Exercise instructions:
After finding the line with "Runner man tying" in the data below, set down exactly each line through the one with "on sanded paper", inclusive, and stop there.

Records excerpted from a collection
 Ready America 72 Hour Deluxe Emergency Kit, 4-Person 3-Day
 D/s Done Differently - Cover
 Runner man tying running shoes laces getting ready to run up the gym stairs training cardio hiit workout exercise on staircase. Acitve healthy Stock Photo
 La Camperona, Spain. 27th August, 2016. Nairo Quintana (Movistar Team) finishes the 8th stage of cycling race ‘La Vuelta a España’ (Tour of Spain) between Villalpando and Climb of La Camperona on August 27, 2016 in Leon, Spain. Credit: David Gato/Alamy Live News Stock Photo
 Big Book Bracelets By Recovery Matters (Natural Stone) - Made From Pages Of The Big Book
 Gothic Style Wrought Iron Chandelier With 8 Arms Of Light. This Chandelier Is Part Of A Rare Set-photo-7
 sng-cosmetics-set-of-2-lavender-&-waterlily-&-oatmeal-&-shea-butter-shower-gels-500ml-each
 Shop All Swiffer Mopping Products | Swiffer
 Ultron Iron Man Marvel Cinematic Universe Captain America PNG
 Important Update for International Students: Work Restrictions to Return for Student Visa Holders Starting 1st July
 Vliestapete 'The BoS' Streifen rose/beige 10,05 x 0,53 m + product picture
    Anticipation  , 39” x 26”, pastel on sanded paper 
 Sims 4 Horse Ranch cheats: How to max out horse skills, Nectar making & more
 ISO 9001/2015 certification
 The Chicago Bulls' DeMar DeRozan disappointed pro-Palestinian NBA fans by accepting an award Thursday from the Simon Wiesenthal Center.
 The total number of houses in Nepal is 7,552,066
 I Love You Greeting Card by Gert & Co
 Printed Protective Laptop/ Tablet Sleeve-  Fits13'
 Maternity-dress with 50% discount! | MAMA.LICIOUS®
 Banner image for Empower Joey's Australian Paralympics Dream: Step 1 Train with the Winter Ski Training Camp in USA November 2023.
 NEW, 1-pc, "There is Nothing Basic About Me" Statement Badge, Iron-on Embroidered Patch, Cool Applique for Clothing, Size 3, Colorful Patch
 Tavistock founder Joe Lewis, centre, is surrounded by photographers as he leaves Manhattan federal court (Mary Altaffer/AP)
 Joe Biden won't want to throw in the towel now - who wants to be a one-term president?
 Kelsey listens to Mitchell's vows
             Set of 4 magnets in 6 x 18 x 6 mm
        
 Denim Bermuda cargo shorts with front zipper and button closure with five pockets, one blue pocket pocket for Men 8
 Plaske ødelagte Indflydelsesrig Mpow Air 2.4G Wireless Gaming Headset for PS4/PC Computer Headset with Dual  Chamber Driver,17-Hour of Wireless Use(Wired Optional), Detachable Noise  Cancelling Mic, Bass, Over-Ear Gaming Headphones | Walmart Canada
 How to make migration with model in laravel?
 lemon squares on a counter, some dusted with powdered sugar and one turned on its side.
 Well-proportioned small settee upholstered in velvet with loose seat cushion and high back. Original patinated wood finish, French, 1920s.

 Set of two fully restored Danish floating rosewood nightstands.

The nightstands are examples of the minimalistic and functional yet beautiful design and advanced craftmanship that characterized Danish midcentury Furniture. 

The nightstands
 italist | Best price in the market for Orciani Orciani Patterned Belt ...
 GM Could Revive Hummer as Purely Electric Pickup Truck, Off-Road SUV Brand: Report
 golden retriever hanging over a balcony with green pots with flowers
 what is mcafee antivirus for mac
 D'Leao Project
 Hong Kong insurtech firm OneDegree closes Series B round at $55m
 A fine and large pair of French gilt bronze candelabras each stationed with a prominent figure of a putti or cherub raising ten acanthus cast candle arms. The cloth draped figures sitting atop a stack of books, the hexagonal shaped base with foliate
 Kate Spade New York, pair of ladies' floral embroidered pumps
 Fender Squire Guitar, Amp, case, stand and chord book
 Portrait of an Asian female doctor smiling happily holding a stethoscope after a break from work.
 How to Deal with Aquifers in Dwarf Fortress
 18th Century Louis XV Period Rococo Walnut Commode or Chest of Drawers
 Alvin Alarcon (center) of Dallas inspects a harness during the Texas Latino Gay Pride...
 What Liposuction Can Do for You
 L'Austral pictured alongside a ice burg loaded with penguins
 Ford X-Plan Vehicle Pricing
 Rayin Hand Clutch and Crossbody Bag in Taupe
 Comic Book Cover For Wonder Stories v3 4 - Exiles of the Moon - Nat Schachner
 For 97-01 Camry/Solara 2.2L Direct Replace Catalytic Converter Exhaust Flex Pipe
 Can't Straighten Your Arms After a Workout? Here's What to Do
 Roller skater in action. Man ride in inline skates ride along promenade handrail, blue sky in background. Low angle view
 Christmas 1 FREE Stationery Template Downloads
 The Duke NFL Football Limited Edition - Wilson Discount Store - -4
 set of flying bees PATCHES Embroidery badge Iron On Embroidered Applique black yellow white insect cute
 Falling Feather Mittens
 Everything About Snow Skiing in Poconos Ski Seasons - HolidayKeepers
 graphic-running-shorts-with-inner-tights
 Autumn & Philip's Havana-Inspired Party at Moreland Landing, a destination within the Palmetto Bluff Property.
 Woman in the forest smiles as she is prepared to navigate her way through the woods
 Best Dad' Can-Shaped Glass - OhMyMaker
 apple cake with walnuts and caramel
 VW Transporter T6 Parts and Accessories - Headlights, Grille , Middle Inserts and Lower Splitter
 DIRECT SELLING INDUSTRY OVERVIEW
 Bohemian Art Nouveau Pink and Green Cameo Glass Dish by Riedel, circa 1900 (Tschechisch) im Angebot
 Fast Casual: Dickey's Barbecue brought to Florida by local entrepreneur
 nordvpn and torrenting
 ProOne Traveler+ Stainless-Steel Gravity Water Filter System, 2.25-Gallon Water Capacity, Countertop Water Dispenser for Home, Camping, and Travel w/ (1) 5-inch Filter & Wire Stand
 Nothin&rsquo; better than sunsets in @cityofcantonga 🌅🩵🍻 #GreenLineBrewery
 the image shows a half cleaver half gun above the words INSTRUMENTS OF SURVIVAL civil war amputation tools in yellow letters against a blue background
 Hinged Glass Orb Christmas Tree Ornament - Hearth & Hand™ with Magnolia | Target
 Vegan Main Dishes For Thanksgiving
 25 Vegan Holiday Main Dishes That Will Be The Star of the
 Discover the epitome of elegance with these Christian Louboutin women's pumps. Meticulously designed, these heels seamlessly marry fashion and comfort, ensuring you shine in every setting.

Result of this exercise:
 Runner man tying running shoes laces getting ready to run up the gym stairs training cardio hiit workout exercise on staircase. Acitve healthy Stock Photo
 La Camperona, Spain. 27th August, 2016. Nairo Quintana (Movistar Team) finishes the 8th stage of cycling race ‘La Vuelta a España’ (Tour of Spain) between Villalpando and Climb of La Camperona on August 27, 2016 in Leon, Spain. Credit: David Gato/Alamy Live News Stock Photo
 Big Book Bracelets By Recovery Matters (Natural Stone) - Made From Pages Of The Big Book
 Gothic Style Wrought Iron Chandelier With 8 Arms Of Light. This Chandelier Is Part Of A Rare Set-photo-7
 sng-cosmetics-set-of-2-lavender-&-waterlily-&-oatmeal-&-shea-butter-shower-gels-500ml-each
 Shop All Swiffer Mopping Products | Swiffer
 Ultron Iron Man Marvel Cinematic Universe Captain America PNG
 Important Update for International Students: Work Restrictions to Return for Student Visa Holders Starting 1st July
 Vliestapete 'The BoS' Streifen rose/beige 10,05 x 0,53 m + product picture
    Anticipation  , 39” x 26”, pastel on sanded paper 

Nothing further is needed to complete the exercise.